Она смолкла. Никогда ещё он не был с нею груб.
И его грубость вдруг подчеркнула, что всё изменилось, что перед нею не тот Борис, которого она любила, а нежданно изменившийся, чужой, пугающий её человек.
— Маша, — спохватившись, позвал он виновато и ласково. — Не безумствуй! Не упрямься. Не надо играть в героизм. Или ты обязательно хочешь, чтобы я был раздавлен гусеницами танка? Расстрелян во дворе жакта? Громкие слова говорить и я умею, но неужели мне ещё притворяться перед тобой? В конце концов я просто не хочу быть лишней жертвой в той кровавой бане, которая будет здесь на-днях!
Она отошла в угол, села на детский диванчик, стиснула ладонями горячие виски. Что же это?.. С яркой отчётливостью встал в её памяти первый день войны, залитая солнцем дорожка сада и Борис в гимнастёрке и сапогах, улыбающийся, сильный, с могучими плечами, с громким, оживлённым голосом. Он подшучивал над нею и над Анной Константиновной: «Что испугались немцев? Ого! Они ещё нашей силы не пробовали!» — И сам казался Марии олицетворением этой силы… Как она верила ему тогда, как она любила его и как боялась потерять его в начавшейся жесточайшей войне! Куда же он исчез, тот обожаемый, могучий, весёлый человек?..
— Я ничего не понимаю, — сказала она негромко. — Минутами мне кажется, что ты… но я не понимаю, как это могло случиться, что ты..
Она не выговорила вслух, но про себя с беспощадной твёрдостью произнесла это короткое презрительное слово — трус.
4
Утро занималось вялое, пасмурное — или оно показалось таким Марии. Она не могла вспомнить, как заснула вчера. Был долгий до изнурения, мучительный разговор. Потом она плакала, и он поднял её на руки, снова любимый и более сильный, чем она, и говорил с нею, как с маленькой обессиленной девочкой, и жадно целовал её, а она всё слабела и подчинялась ему и своему желанию поверить в него, в любовь, в своё прежнее счастье.

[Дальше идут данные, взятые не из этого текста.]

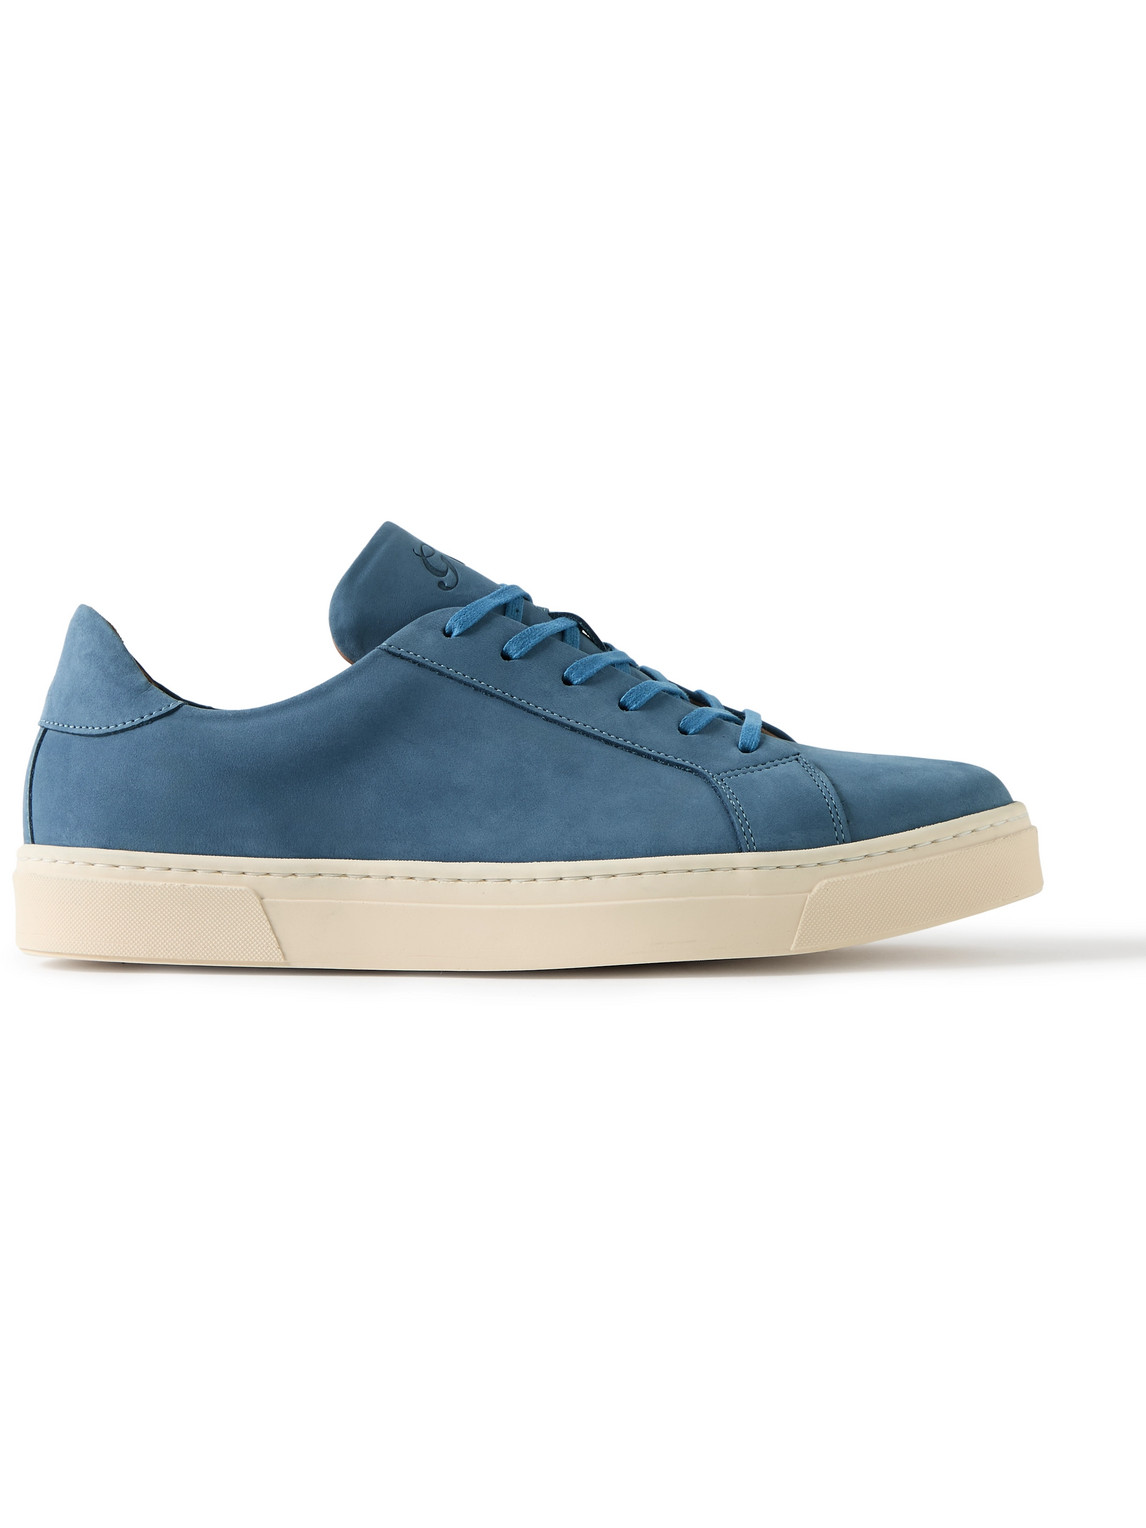 George Cleverley Jack Ii Nubuck Sneakers In Blue

А может быть, это был сон?.
Борис торопливо одевался — невесёлый, грузный. Он заметил, что она проснулась, и как-то жалобно, криво улыбнулся. Мария не чувствовала в себе ни воли, ни любви, ни презрения.

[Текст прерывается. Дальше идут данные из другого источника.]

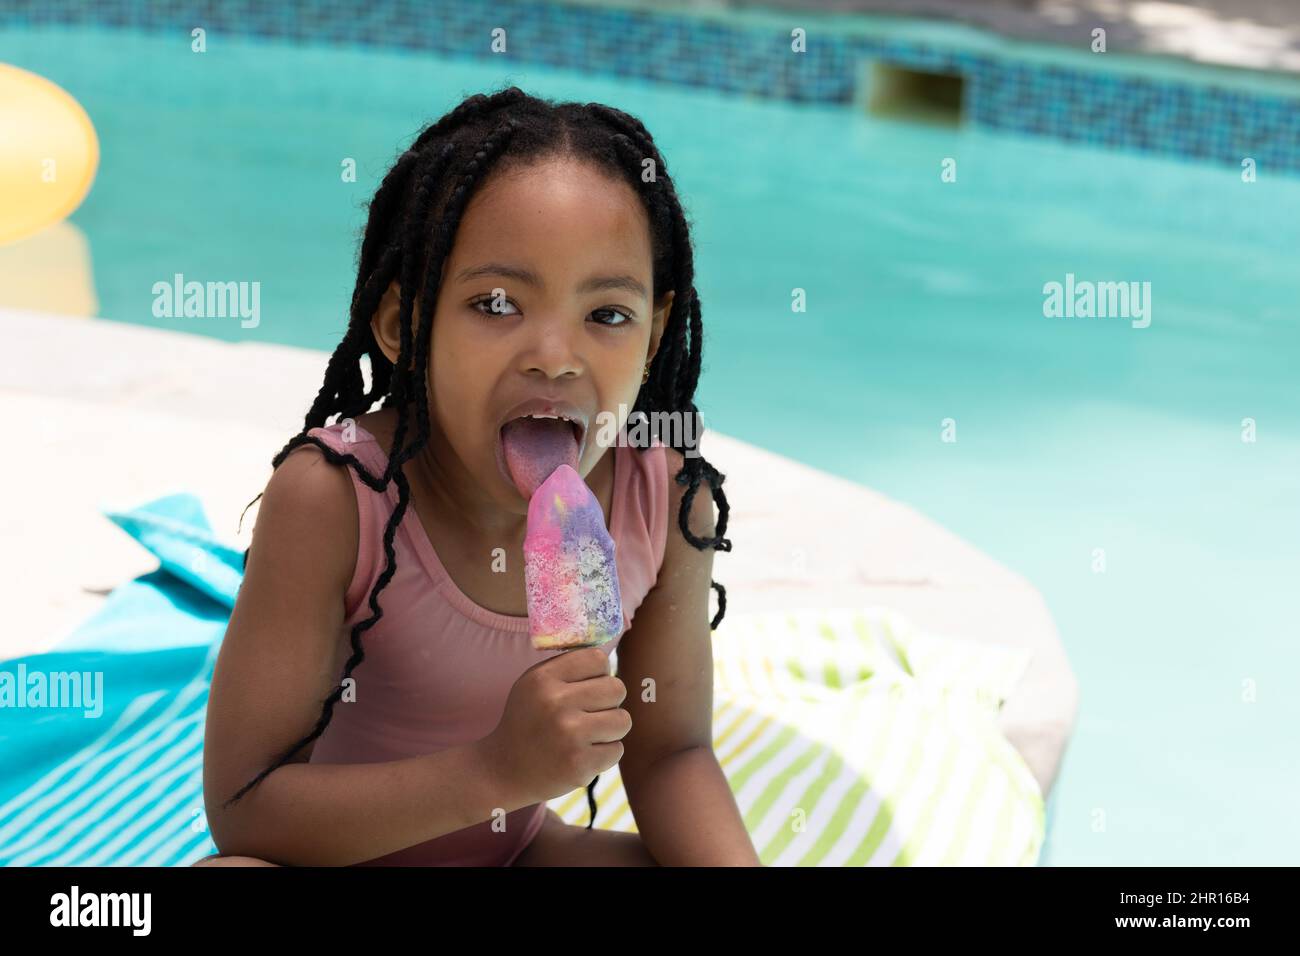 Ritratto di ragazza afroamericana carina mangiare gelato mentre si siede a bordo piscina in giorno di sole Foto Stock

— Я ухожу, Муся. Забегу узнать, пришли ли грузовики. Потом в Смольный, оформить документы. А ты собирайся.
Так как она не отвечала, он подошёл и поцеловал её.
— Ты наговорила мне вчера много оскорбительного и несправедливого, — сказал он дрогнувшим голосом. — Но я не сержусь. Я забыл. Я люблю тебя и Андрейку… Если грузовики пробились, мы выедем сегодня в ночь.
Ей нечего было говорить, она сама не знала, что будет.
— Мама! — раздался торжествующий голос Андрюшки.
Розовый, в короткой старой распашонке, с глазами, сверкающими любопытством, он поднялся в кроватке, держась за перекладину.
— Папа! — вскрикнул он, узнав отца.
Борис подхватил сына, подкинул в воздух и вместе с ним подсел к Марии на край кровати. Он редко проявлял интерес к мальчику, и Мария всегда радовалась, видя их вместе. Но сейчас и эта радость не шевельнулась в ней.
— Я как мертвая, — сказала она, отворачиваясь.
— Ты устала. Наберись сил, детка, дорога будет нелёгкой. И вставай, буди маму, начинайте укладываться.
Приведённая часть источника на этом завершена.